Design/methodology/approach
In this paper, the nanosilver sintered lap shear joints were prepared at three sintering temperatures of 250 °C, 280 °C and 310 °C. The bonding quality was characterized by scanning electron microscopy, X-ray diffraction, transmission electron microscope and shear tests, and the long-term reliability was studied by conducting ratcheting fatigue tests. In addition, three modified models based on Basquin equation were used to predict the ratcheting fatigue life of nanosilver sintered lap shear joint and their accuracies were evaluated.
Findings
When the sintering temperature is 250°C, the nanosilver sintered lap shear joint shows the porosity of 22.9 ± 1.6 %, and the shear strength of 22.3 ± 2.4 MPa. Raising the sintering temperature enhances silver crystallite size, strengthens sintering necks, thus improves shear strength and ratcheting fatigue life in joints. In addition, the ratcheting fatigue lives of the joints sintered at different temperatures are effectively predicted by three equivalent force models, and the Gerber model shows the highest life prediction accuracy.

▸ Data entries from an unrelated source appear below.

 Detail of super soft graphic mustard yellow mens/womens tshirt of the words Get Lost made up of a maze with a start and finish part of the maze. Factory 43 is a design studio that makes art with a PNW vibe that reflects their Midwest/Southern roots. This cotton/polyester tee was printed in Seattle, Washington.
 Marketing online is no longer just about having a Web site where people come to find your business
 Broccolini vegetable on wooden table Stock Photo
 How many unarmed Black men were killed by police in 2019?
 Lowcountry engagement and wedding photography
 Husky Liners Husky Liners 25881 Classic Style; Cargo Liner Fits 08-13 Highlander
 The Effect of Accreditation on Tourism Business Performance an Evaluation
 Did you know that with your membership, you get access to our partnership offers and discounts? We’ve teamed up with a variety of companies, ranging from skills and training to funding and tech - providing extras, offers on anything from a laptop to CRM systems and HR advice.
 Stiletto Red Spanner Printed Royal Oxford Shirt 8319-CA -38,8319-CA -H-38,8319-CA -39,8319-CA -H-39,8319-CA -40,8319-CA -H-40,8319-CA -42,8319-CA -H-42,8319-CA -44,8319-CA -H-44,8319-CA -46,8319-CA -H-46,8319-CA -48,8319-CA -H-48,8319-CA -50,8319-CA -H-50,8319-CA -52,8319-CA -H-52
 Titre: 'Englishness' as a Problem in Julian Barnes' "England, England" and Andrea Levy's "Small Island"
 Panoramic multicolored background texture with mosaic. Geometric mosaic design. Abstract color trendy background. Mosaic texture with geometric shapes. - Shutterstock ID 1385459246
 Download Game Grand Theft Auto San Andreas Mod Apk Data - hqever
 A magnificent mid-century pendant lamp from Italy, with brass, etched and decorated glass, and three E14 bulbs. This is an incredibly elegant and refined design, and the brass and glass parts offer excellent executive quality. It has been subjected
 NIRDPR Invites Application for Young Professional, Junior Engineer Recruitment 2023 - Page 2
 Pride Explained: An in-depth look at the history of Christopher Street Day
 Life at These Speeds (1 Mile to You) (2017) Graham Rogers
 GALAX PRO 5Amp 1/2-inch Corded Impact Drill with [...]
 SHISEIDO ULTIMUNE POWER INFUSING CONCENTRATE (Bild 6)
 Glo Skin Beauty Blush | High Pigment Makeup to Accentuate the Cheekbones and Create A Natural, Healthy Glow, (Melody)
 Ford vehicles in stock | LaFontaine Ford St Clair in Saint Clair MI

Research limitations/implications
The sintered silver bondline is suffering a complex stress state. The study only takes the shear stress into consideration. The tensile stress and the combination of shear stress and tensile stress can to be considered in the future study.
Practical implications
The paper provides the experimental and theoretical support for robust bonding and long-term reliability of sintered silver structure.
Social implications
The introduced model can predict the ratcheting fatigue lives of the joints sintered at different temperatures, which shows a potential in engineering applications.
Originality/value
The study revealed the relationship between the sintering temperature and the microstructure, the shear strength and the ratcheting fatigue life of the joint. In addition, the Gerber model can predict the ratcheting fatigue life accurately at different sintering temperatures.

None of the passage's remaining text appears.